Óbvio, resolvi trocar de estação. A música da estação seguinte era uma música linda, de um cantor e compositor que está entre os 10 mais-mais da minha lista particular de intérpretes brasileiros. Milton Nascimento. Pena que ela veio em má hora.
Eu já tristonho, chorando, derrepente o refrão veio através dos alto-falantes atingindo um cruzado direto na minha cabeça:
“ Amigo é coisaaa....pra se guardar...do lado esquerdo do peeeitoooo....”
Passei a não me importar com os outros motoristas, que me olhavam insistentemente, como que quisessem oferecer ajuda.
Corri com o dedo no botão do rádio para mudar novamente de estação.
O “dial” parou na freqüência de uma conhecidíssima rádio de pagode (um dos meus grandes defeitos é infelizmente não saber dançar pagode, e por não saber dançar, não conseguir me interessar por este tipo de música, mas as acho ótimas), resolvi escutar o que aquela canção de ritmo simples e bem executada por seus intérpretes tinha a me dizer.
Começou mal:
“Apostei com fé em nosso amor...”
Já atolou com tudo...pensei.
“O nosso amor é de se invejar...”
Atolou mais ainda.
Chorando, dirigindo e procurando por outra rádio, lembrei-me que a tempos não sinto o que é ter um amor de despertar inveja nos outros.
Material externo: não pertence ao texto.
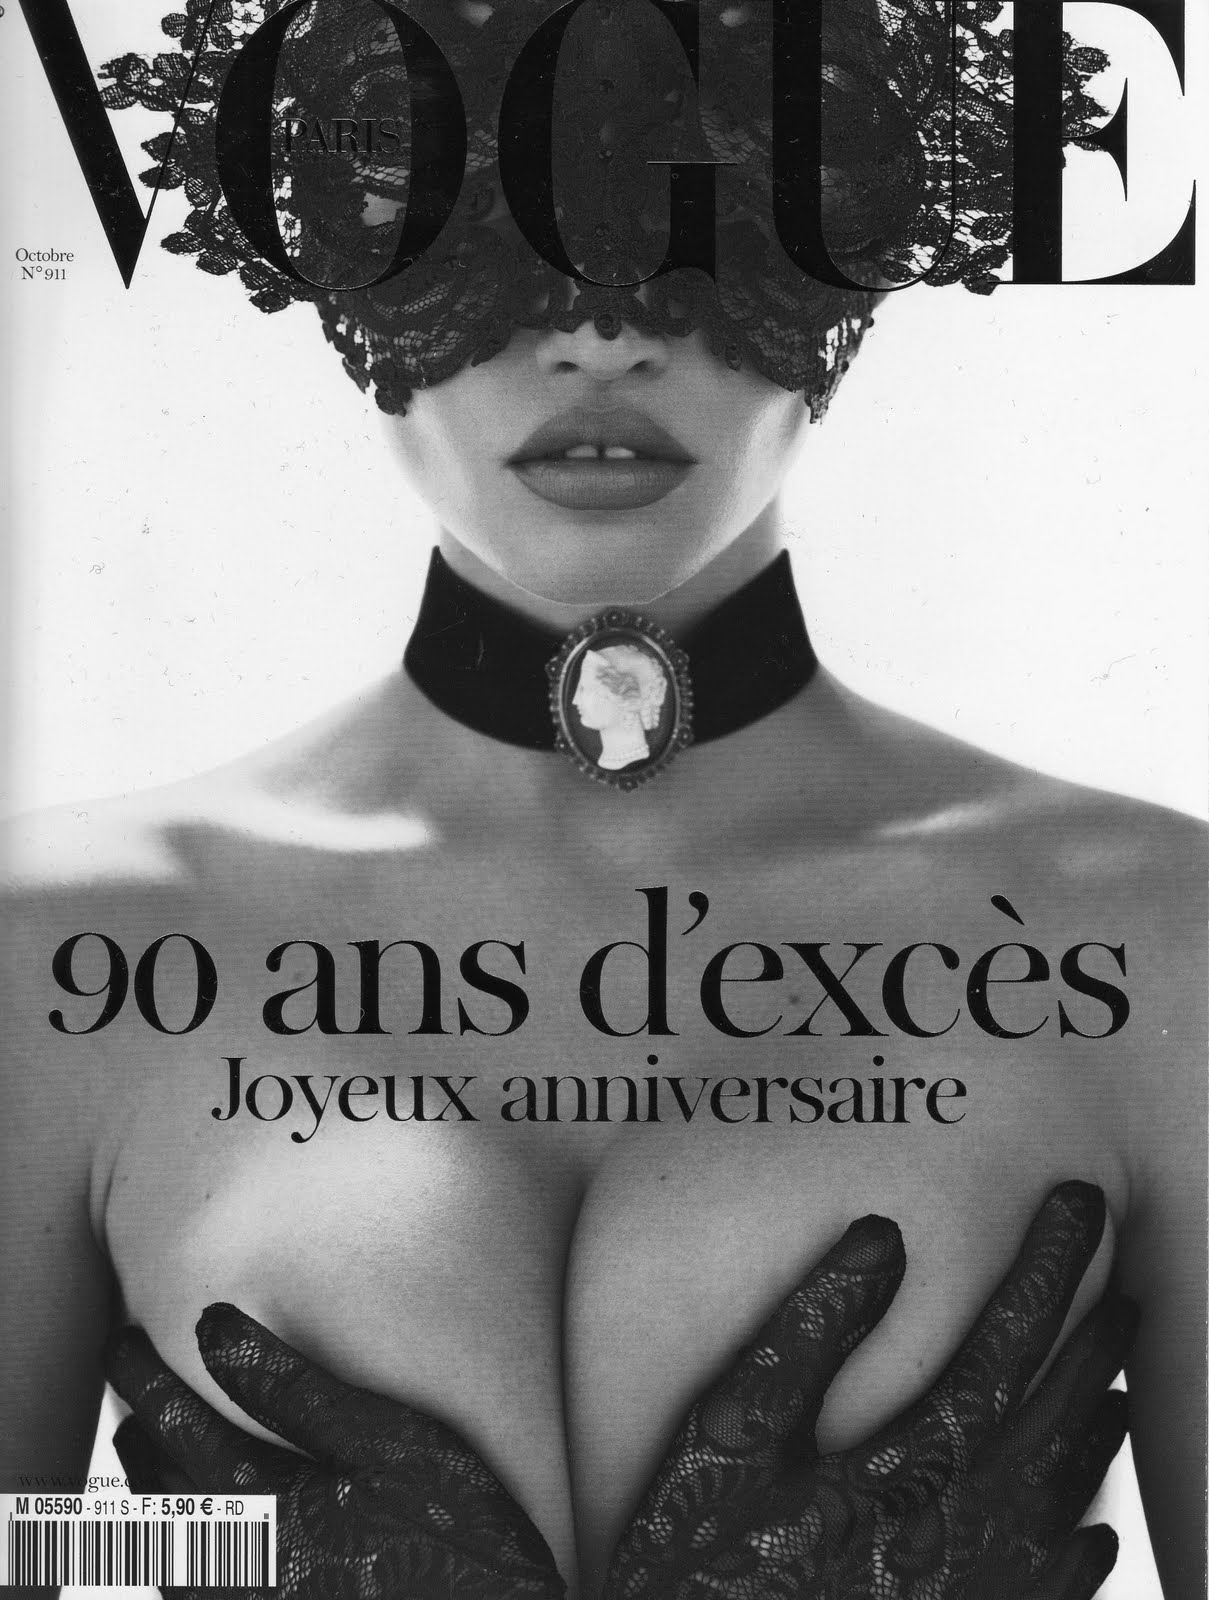 http://2.bp.blogspot.com/_2QGiLPrLco0/TKfwKoNycoI/AAAAAAAACcg/4eHe1koFWdk/s1600/Lara+Stone,+Freja+Beha+Erichsen+&+Mariacarla+Boscono+for+Vogue+Paris+October+2010+by+Mert+&+Marcus+1.jpg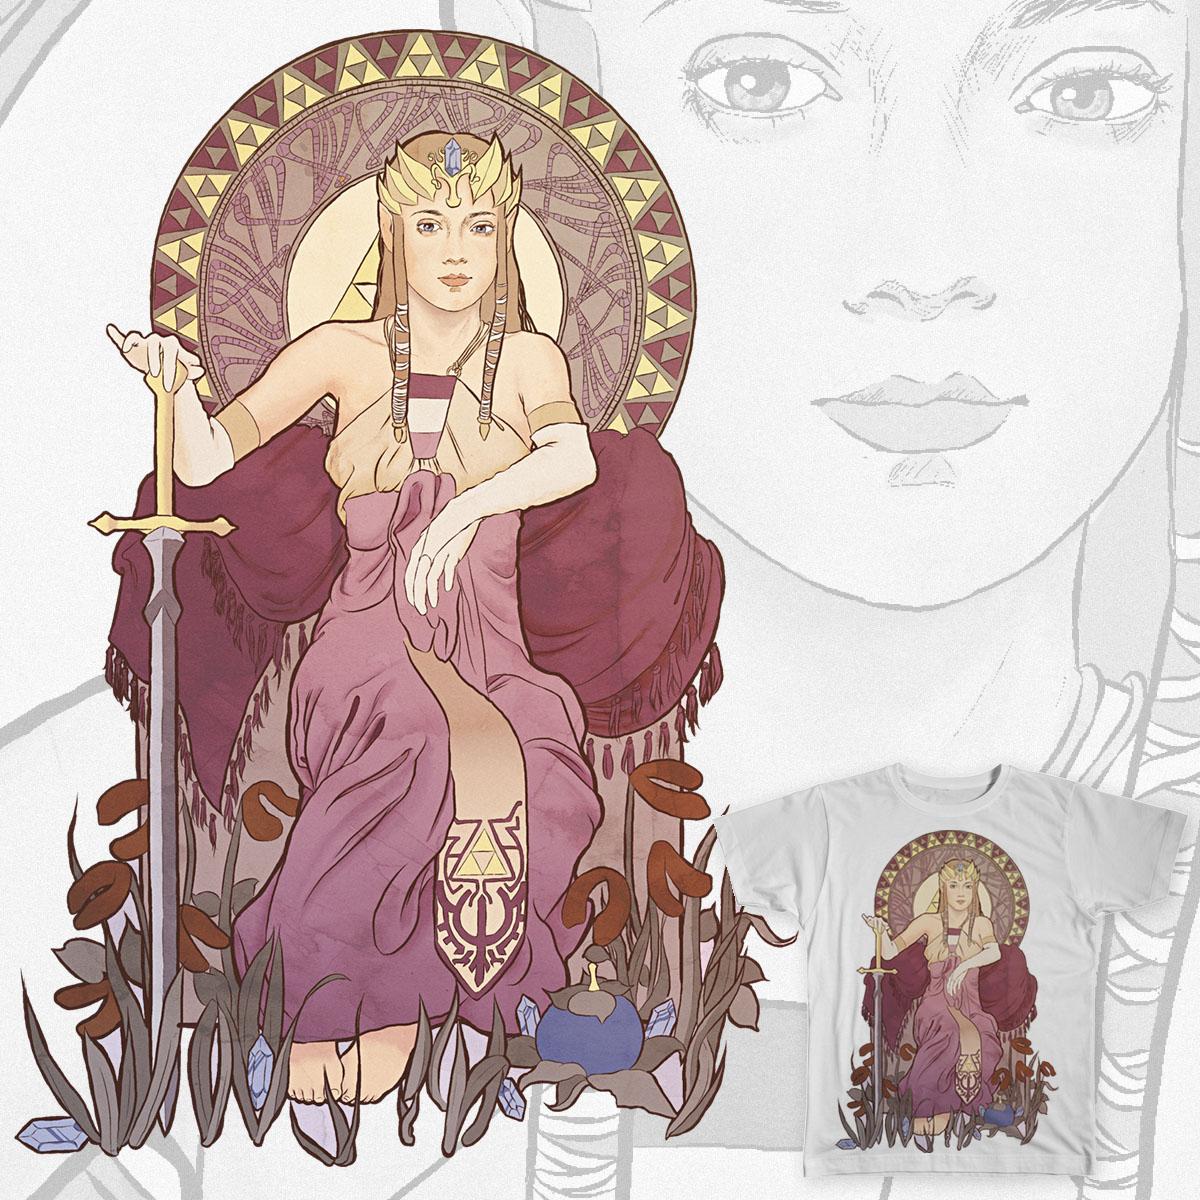 Nouveau Princess by sunnless on Threadless

Mas também, vai saber. Derrepente tinha gente que sentia inveja até dos meus fracassos (há sempre alguém em estado pior, máxima verdadeiríssima).
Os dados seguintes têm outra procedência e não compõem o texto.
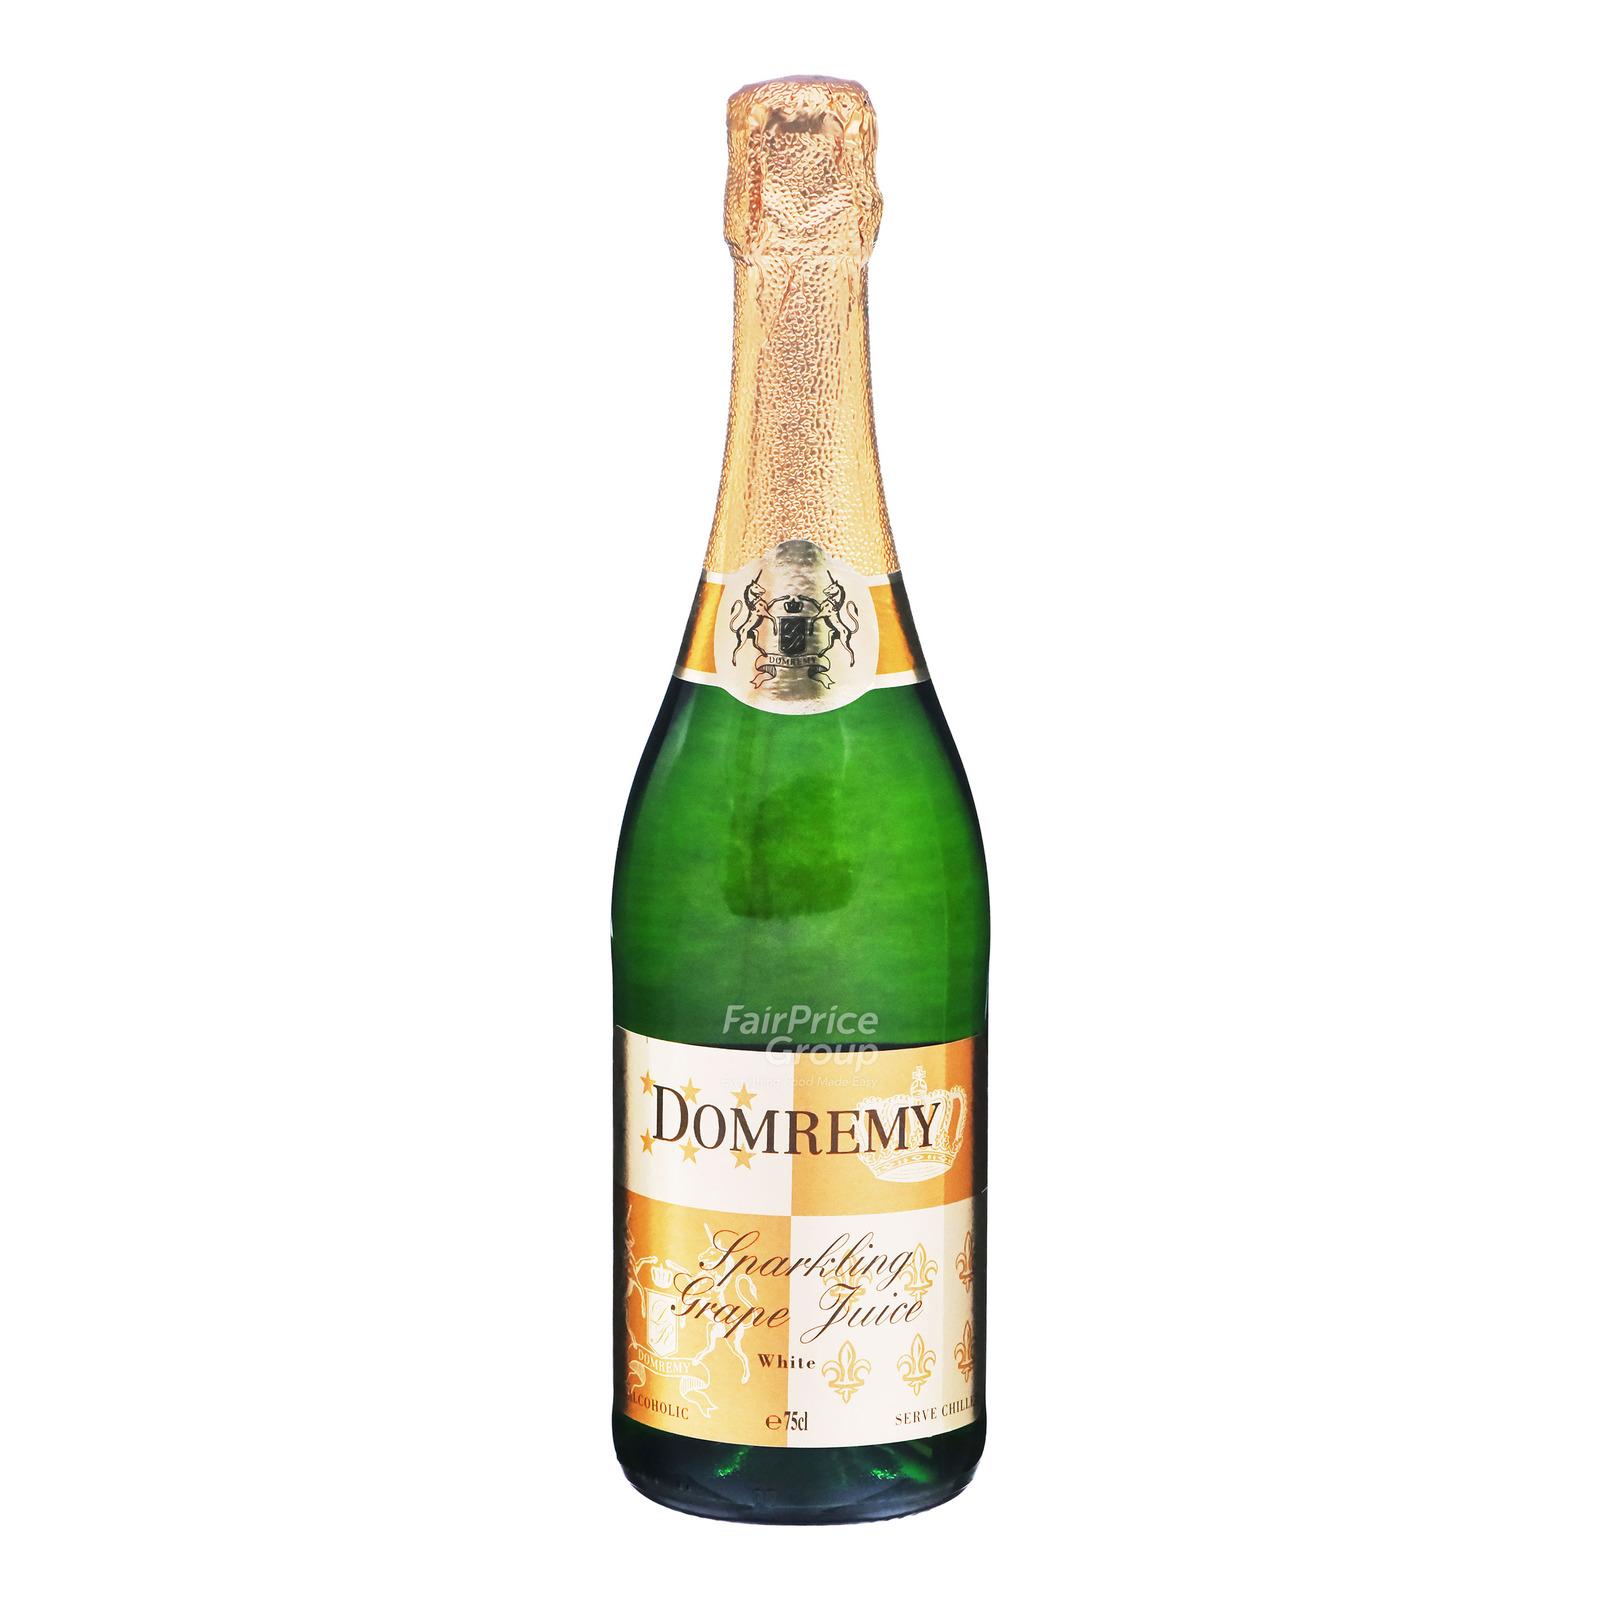 Domremy Sparkling Juice - White Grape

Cheguei a Pop Rock, procurando claro, por alguma piada do Cafezinho (Piiiiiingos de café!). Acabei achando uma música de uma banda gaúcha que eu respeito muito, e da qual já fui espectador de uns 10 shows. Nenhum de Nós.
“Diga a ela que você me viu – que eu parecia muito bem – apesar de tantas noites vazias – tantas madrugadas... vendo tv... na verdade dias intermináveis...”
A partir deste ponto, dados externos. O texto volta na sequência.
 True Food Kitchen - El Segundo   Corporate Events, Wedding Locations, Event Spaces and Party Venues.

E como aquele dia estava sendo interminável. E quantas madrugadas eu passei vendo tv, procurando meus pedaços nos documentários do Discovery Channel, ou em algum filme do Telecine Cult ou do People + Arts. E claro, quantas vezes desejei que alguém me visse, para dizer para qualquer de uma das minhas algozes que eu estava bem (mesmo que não fosse verdade), na esperanças que uma pontinha de inveja fosse levantada, ou talvez até um desejo de conversa (o velho e banal: - “Como é que tu ta?”).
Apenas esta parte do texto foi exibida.